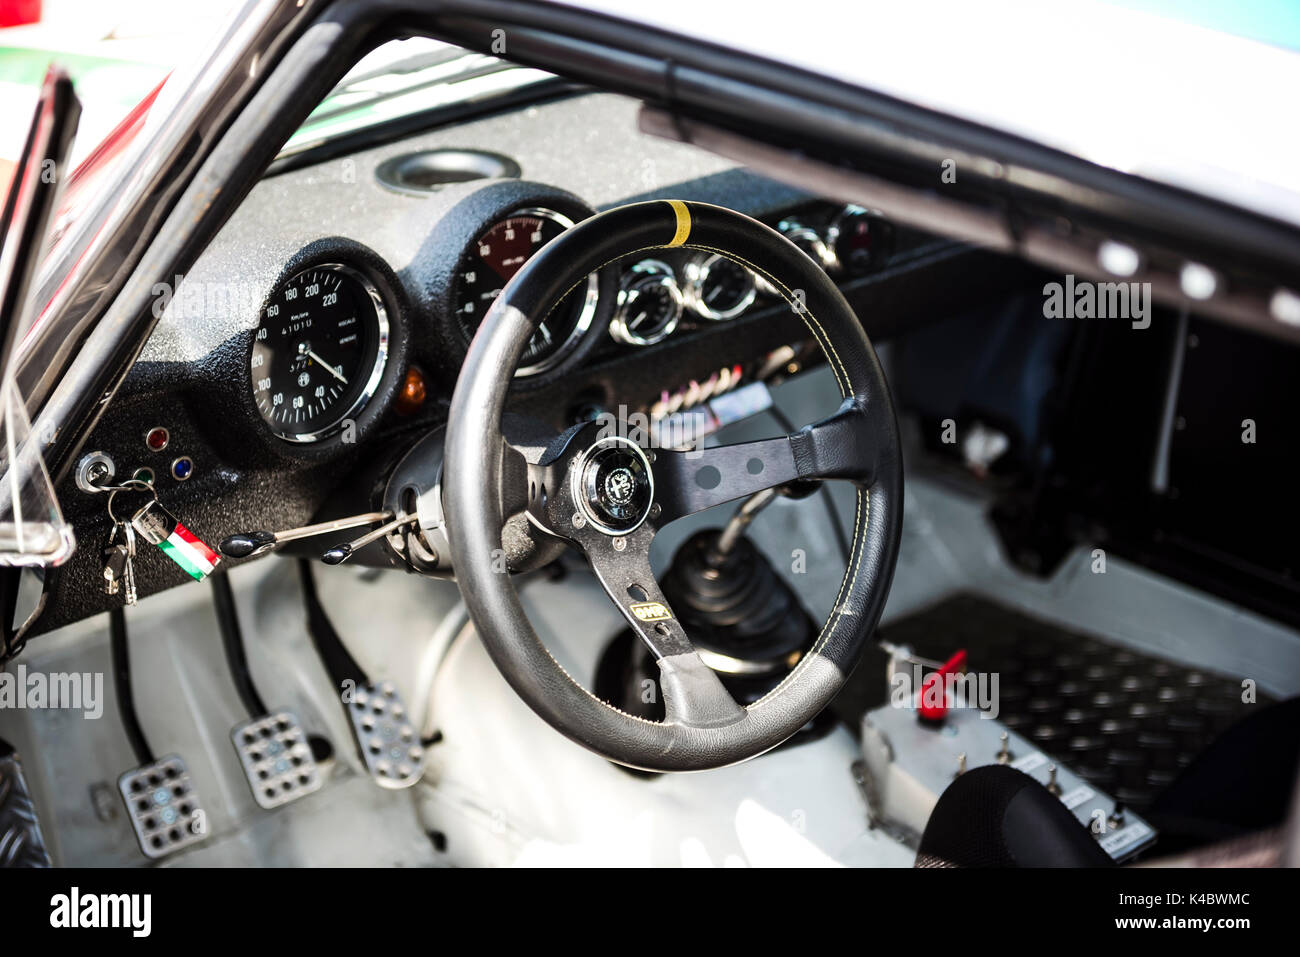 Alfa Romeo Gta Classic Race Car Interior Stock Photo 157613580
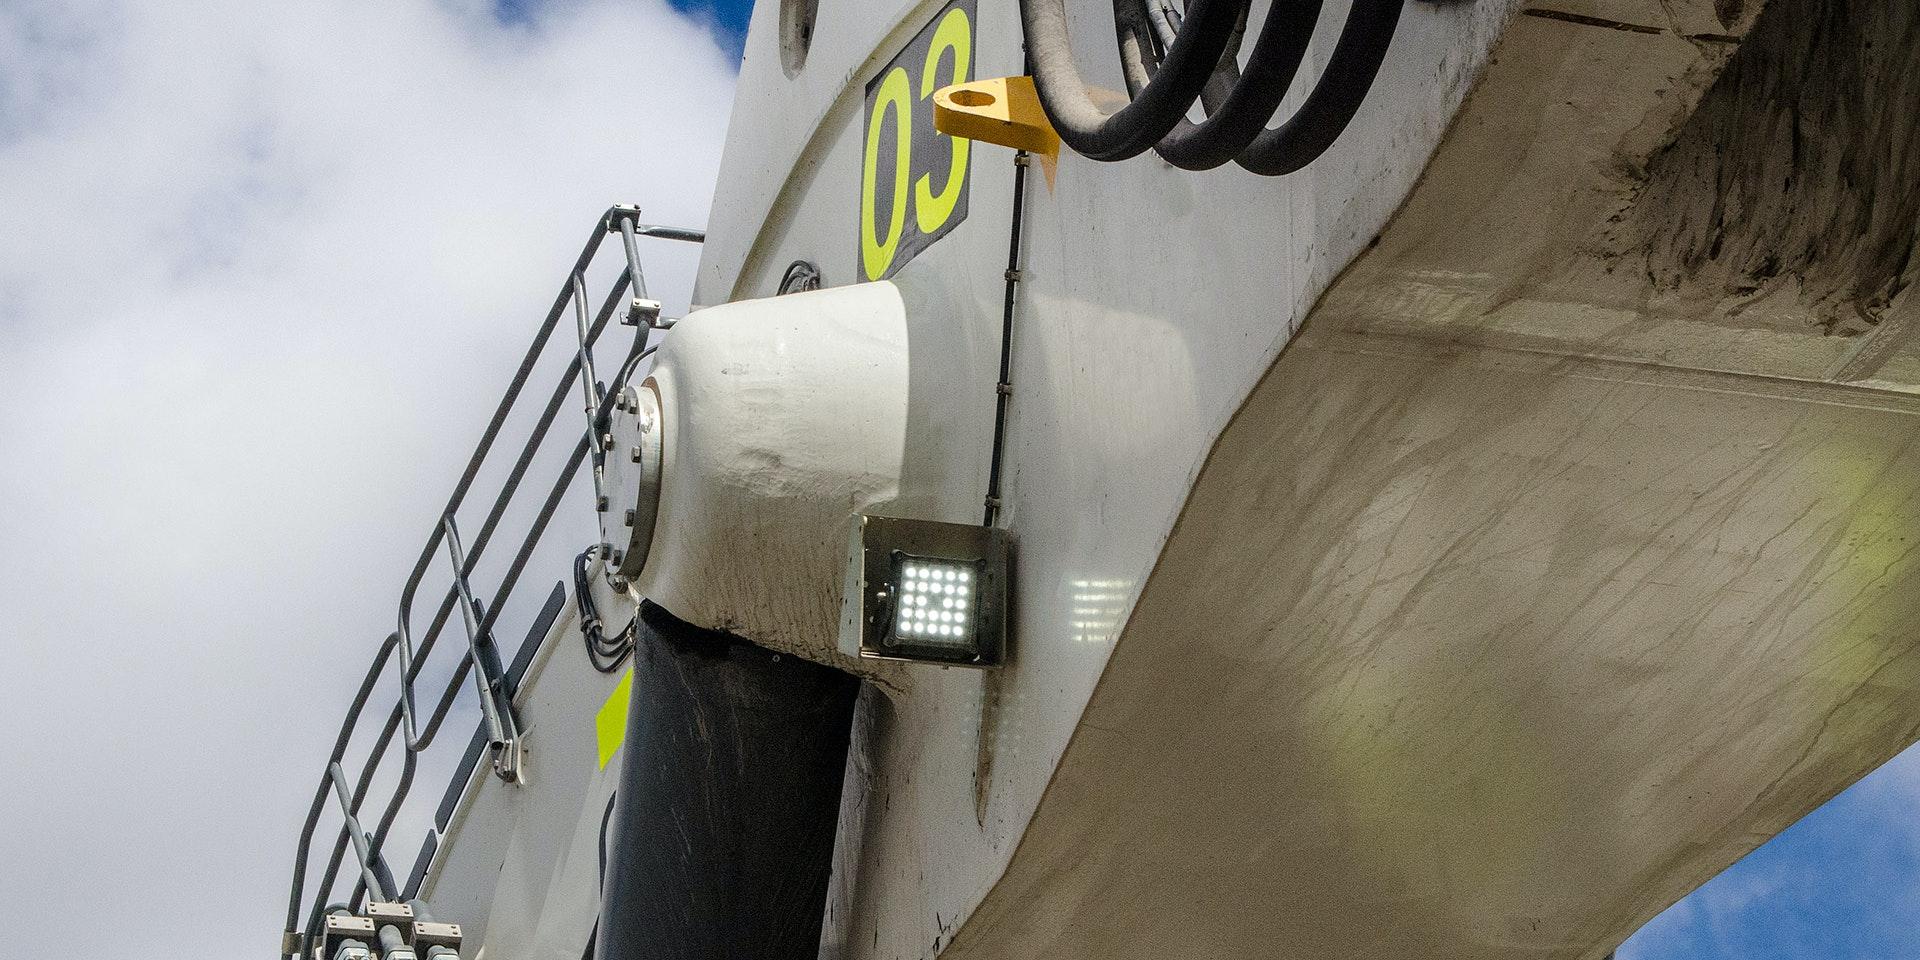 CP24 LED Flood Light in application, installed on 996 Liebherr excavator
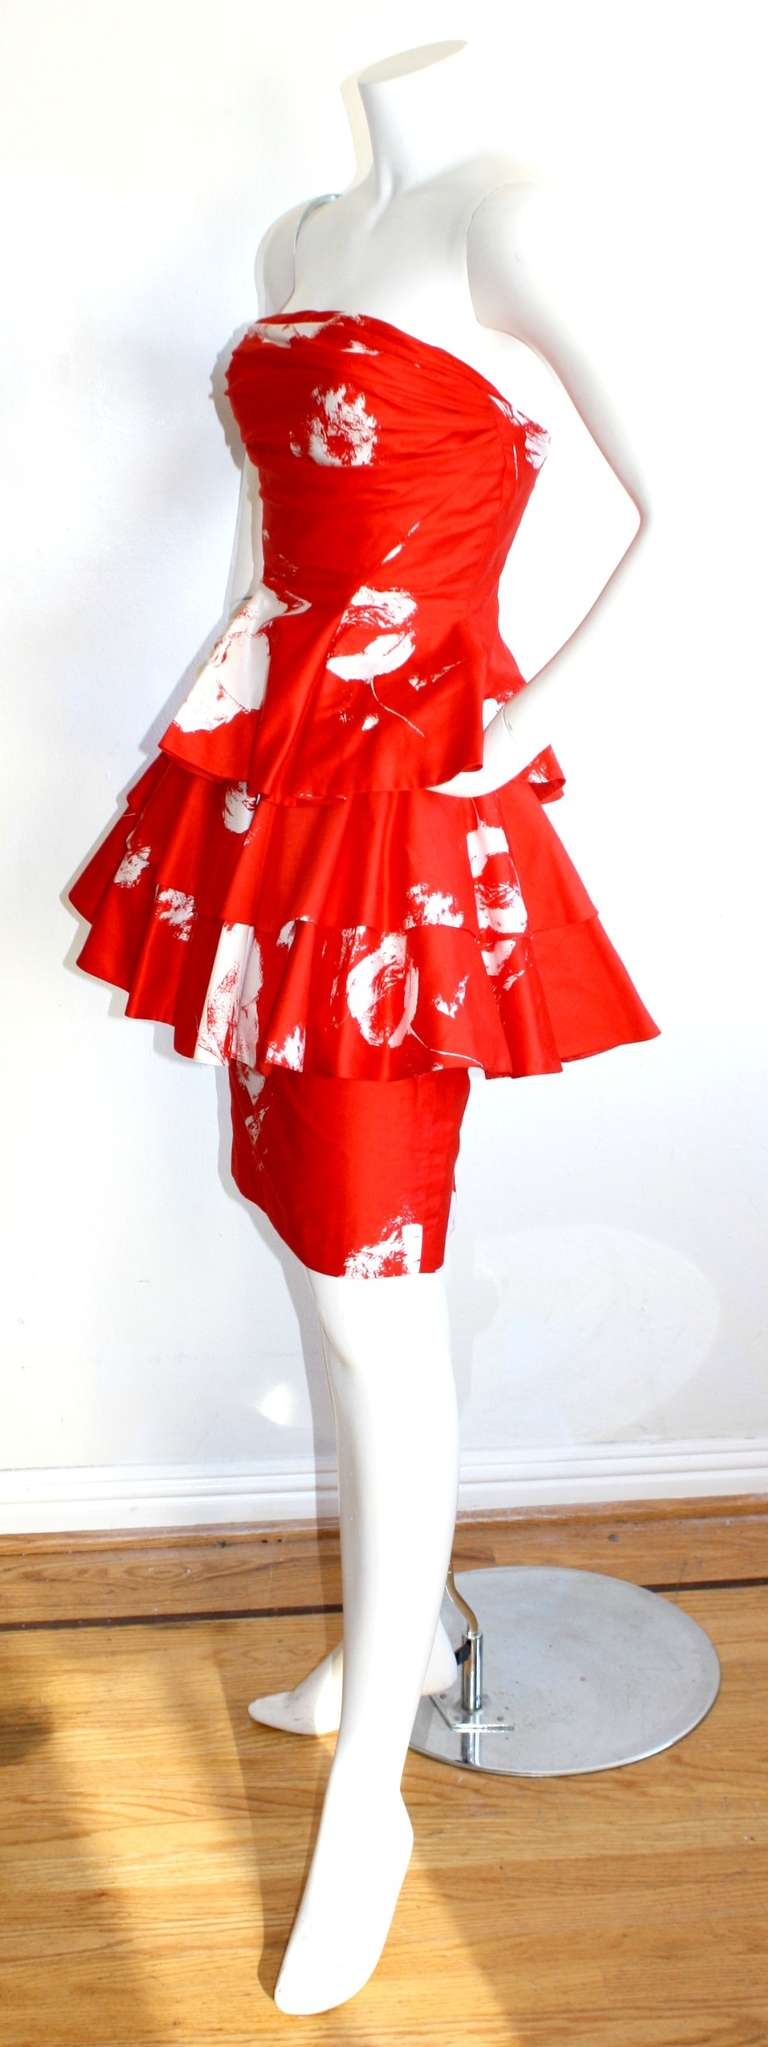 Vintage Barboglio Two Piece Peplum Red Dress Set 5
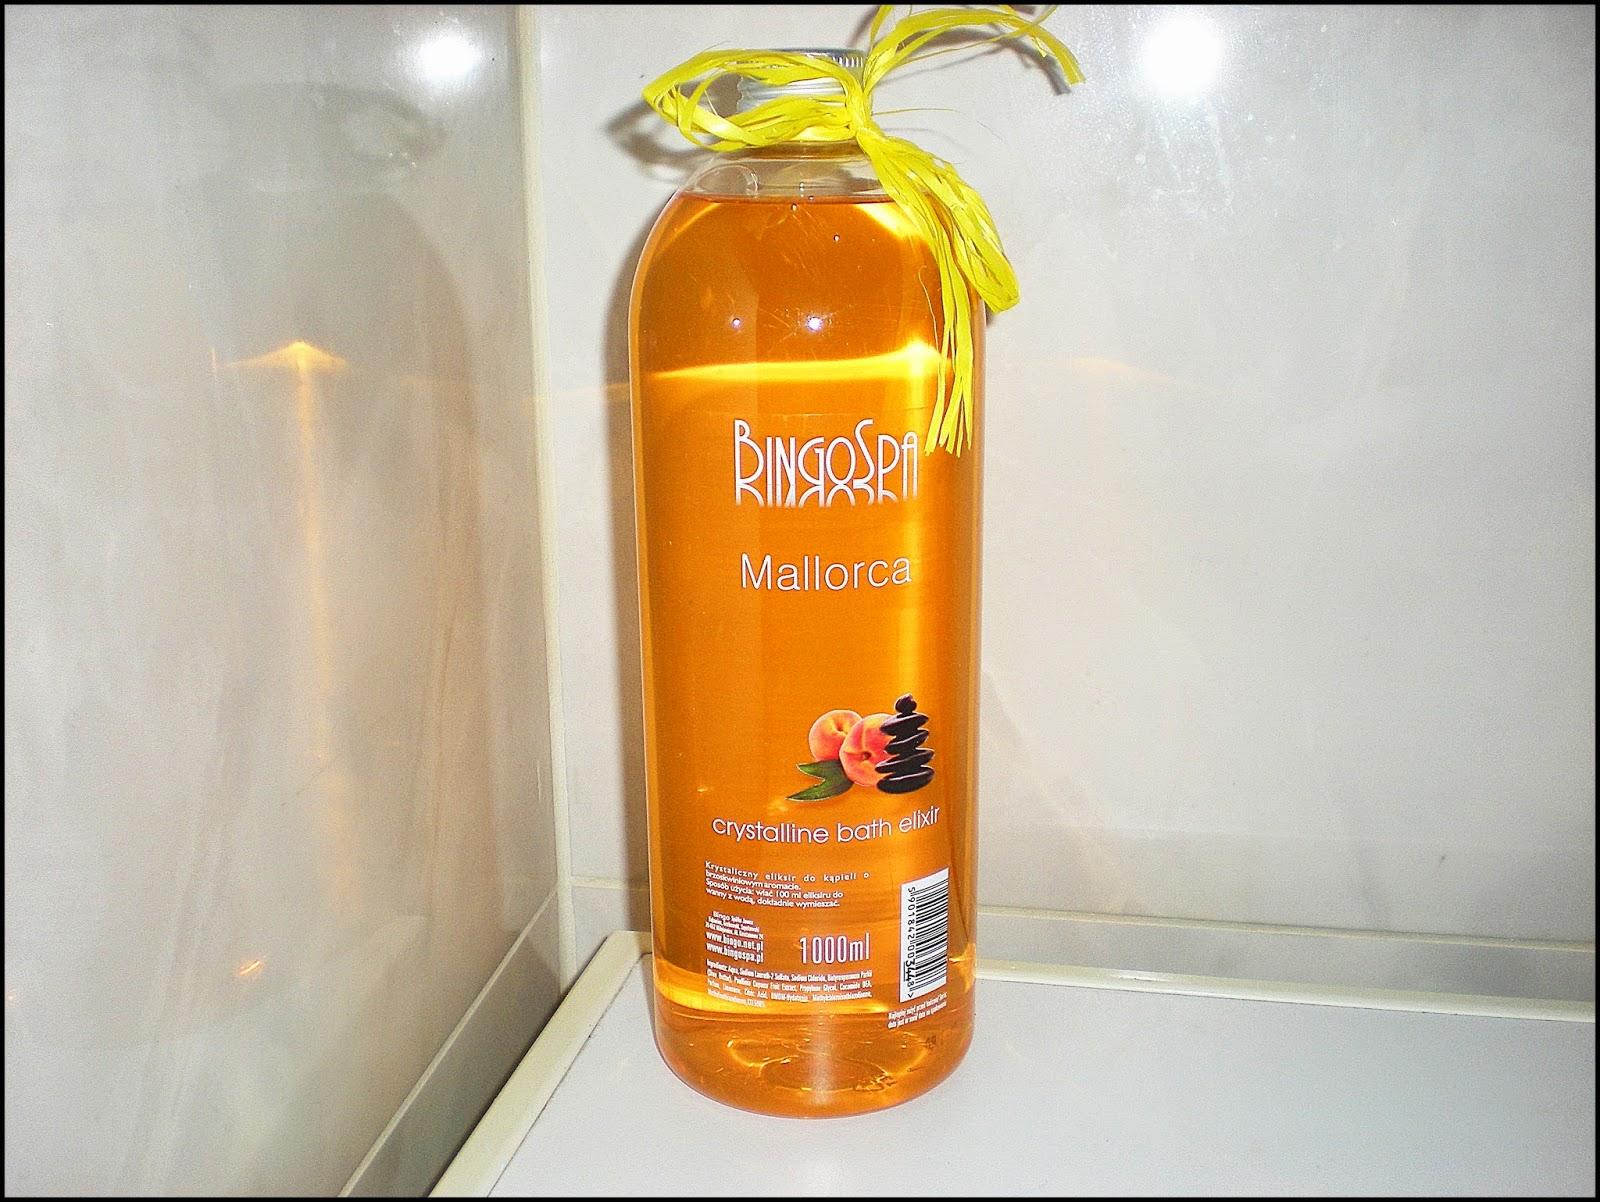 Mallorca Crystalline bath elixir BingoSpa
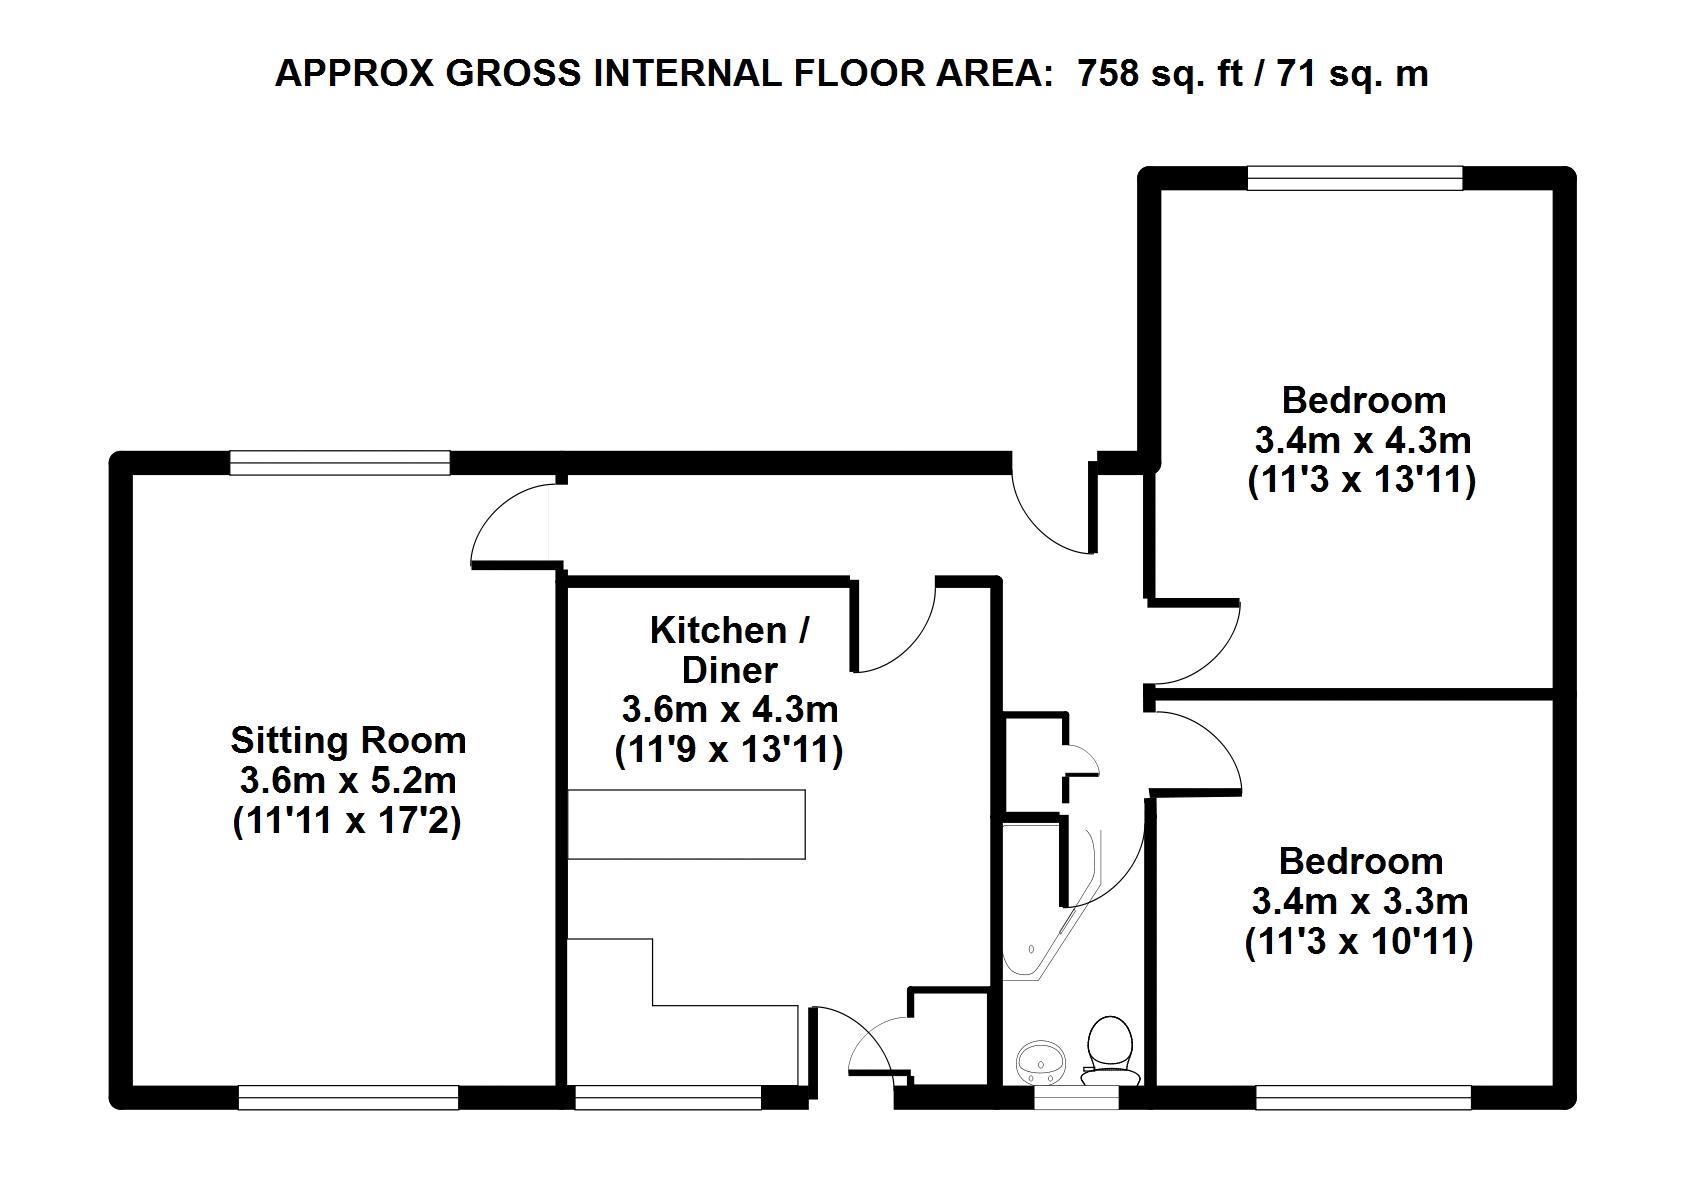 Current Floorplan

────────────────────

• [Problem description]: Only the text of the records belongs in your answer, copied exactly as it appears above.

• [Result of this task]:
 Alfa Romeo Gta Classic Race Car Interior Stock Photo 157613580
 CP24 LED Flood Light in application, installed on 996 Liebherr excavator
 Vintage Barboglio Two Piece Peplum Red Dress Set 5
 Mallorca Crystalline bath elixir BingoSpa
 Current Floorplan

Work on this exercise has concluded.